Le Christ — permettez-moi de le dire comme cela — est le plus grand réaliste de l’histoire de l’homme. Réfléchissez un peu à cela. Méditez ce que cela peut signifier.

C’est précisément en vertu de ce réalisme que le Christ rend témoignage et au Père et à l’homme. Il sait en effet « ce qu’il y a dans l’homme » (Jn 2, 25). Lui le sait. Je le répète sans vouloir offenser tous ceux qui, à quelque époque que ce soit, ont cherché ou cherchent encore à comprendre ce qu’est l’homme et veulent l’enseigner.

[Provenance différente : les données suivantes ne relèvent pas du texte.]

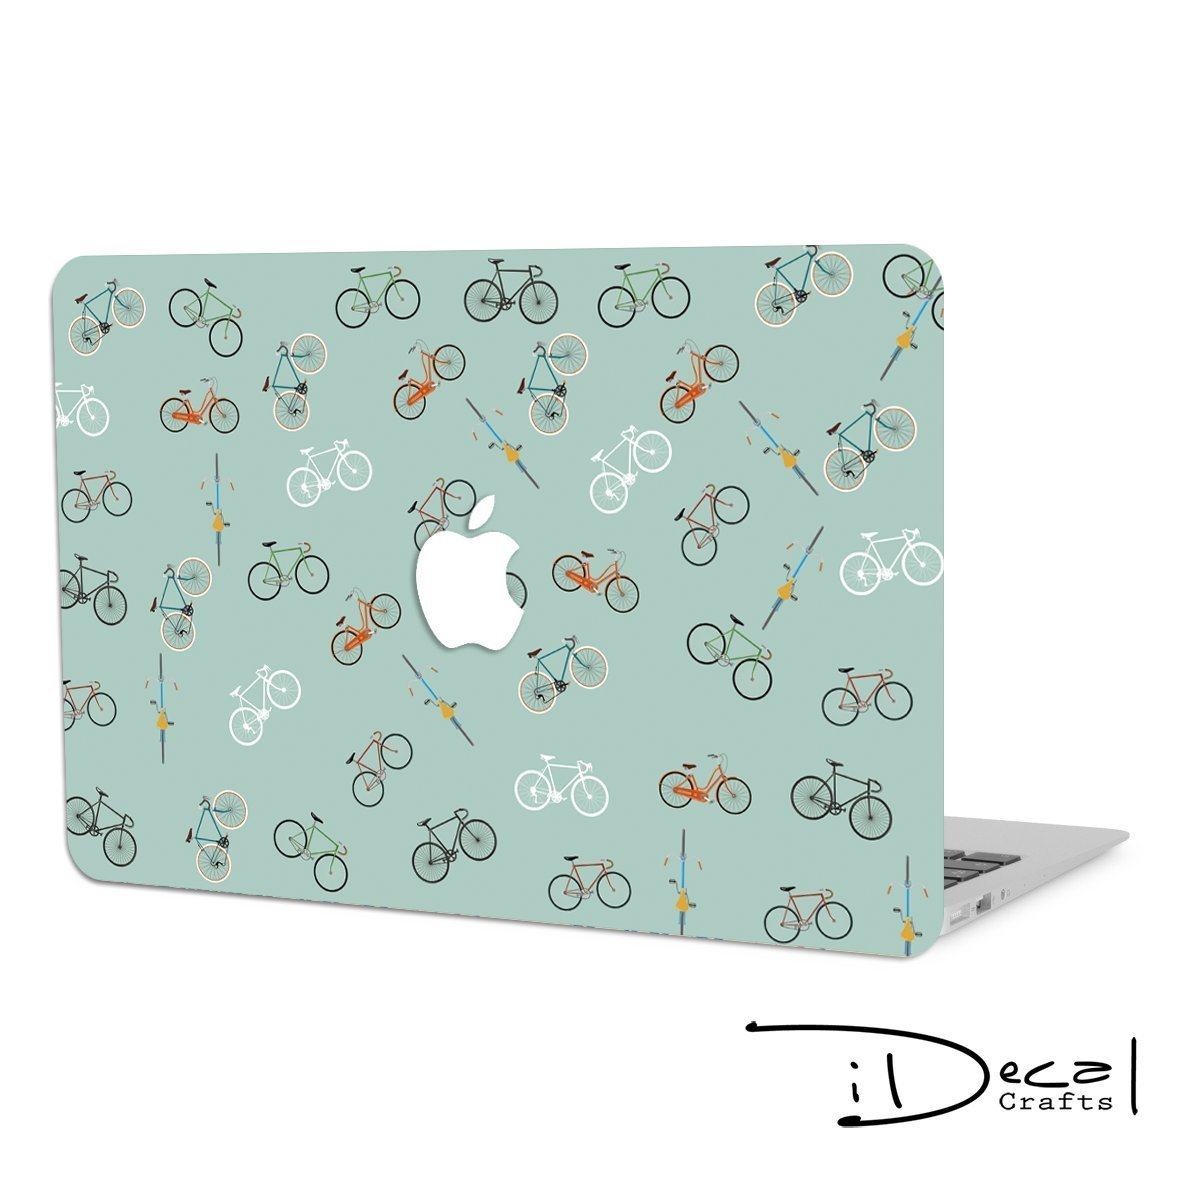 Bicycle Macbook Skin Macbook Sticker Macbook Decal Macbook Air Skin Macbook Pro Skin Macbook Air Sticker Macbook Pro Sticker

À partir de ce réalisme précisément, le Christ enseigne que la vie humaine a un sens si elle témoigne de la vérité et de l’amour.

Réfléchissez-y, vous qui, en tant qu’étudiants, devez être particulièrement sensibles à la vérité et au témoignage de la vérité. Vous êtes pour ainsi dire les professionnels de l’intelligence en tant que vous vous appliquez à l’étude des disciplines humanistes et scientifiques en vue de vous préparer aux tâches qui vous attendent dans la société.

Réfléchissez-y, vous qui, en tant qu’étudiants, savent combien ceux-ci ont besoin d’amour; vous qui cherchez comment exprimer cet amour dans votre vie. Certains trouvent l’expression de cet amour dans le don exclusif d’eux-mêmes qu’ils font à Dieu ; la très grande majorité la trouve dans le mariage, dans la vie de famille. Préparez-vous-y solidement. Rappelez-vous que l’amour, sentiment noble, est un don du cœur, mais que c’est aussi une grande affaire qu’il faut assumer pour l’autre, pour elle, pour lui. Le Christ attend de vous un tel amour. Il désire être avec vous quand cet amour naît dans vos cœurs, quand il mûrit dans la promesse sacramentelle, et après, et toujours.

6. Le Christ a dit : « J’ai ardemment désiré manger cette Pâque avec vous. » (Lc 22, 15.) Lorsqu’il l’a mangée pour la première fois avec ses disciples, il a prononcé des paroles particulièrement affectueuses et particulièrement prenantes : « Je ne vous appelle plus serviteurs... Je vous appelle amis... » (Jn 15, 15)

« Voici mon commandement : aimez-vous les uns les autres. » (Jn 15, 12.) En ce temps de la Passion, rappelez-vous ces paroles du discours d’adieu du Christ, dans l’Évangile de saint Jean. Repensez-y.

Purifiez vos cœurs dans le sacrement de la réconciliation. Ils mentent ceux qui accusent l’Église de faire preuve d’une mentalité « répressive » lorsqu’elle invite à la pénitence. La confession sacramentelle ne constitue pas une répression, mais une libération ; elle n’entretient pas le sens de la faute, mais elle efface la faute, elle dissout le mal commis et elle donne la grâce du pardon. Les causes du mal ne doivent pas être cherchées hors de l’homme mais avant tout dans son cœur ; et le remède part encore de son cœur. Alors les chrétiens par la sincérité de leur volonté de conversion, doivent se rebeller devant l’aplatissement de l’homme et proclamer par leur vie la joie de la vraie libération du péché grâce au pardon du Christ. L’Église n’a pas un projet tout fait d’enseignement universitaire, de société, mais elle a un projet pour l’homme, un projet d’homme nouveau, rené de la grâce. Retrouvez la vérité intérieure de vos consciences. Que l’Esprit-Saint vous donne la grâce d’un sincère repentir, d’un ferme propos de repentir et d’une sincère confession de vos fautes.

Qu’il vous donne une profonde joie spirituelle.

Il est proche « le jour que fit le Seigneur » (Ps 117-118, 24). Soyez prêts pour ce jour-là.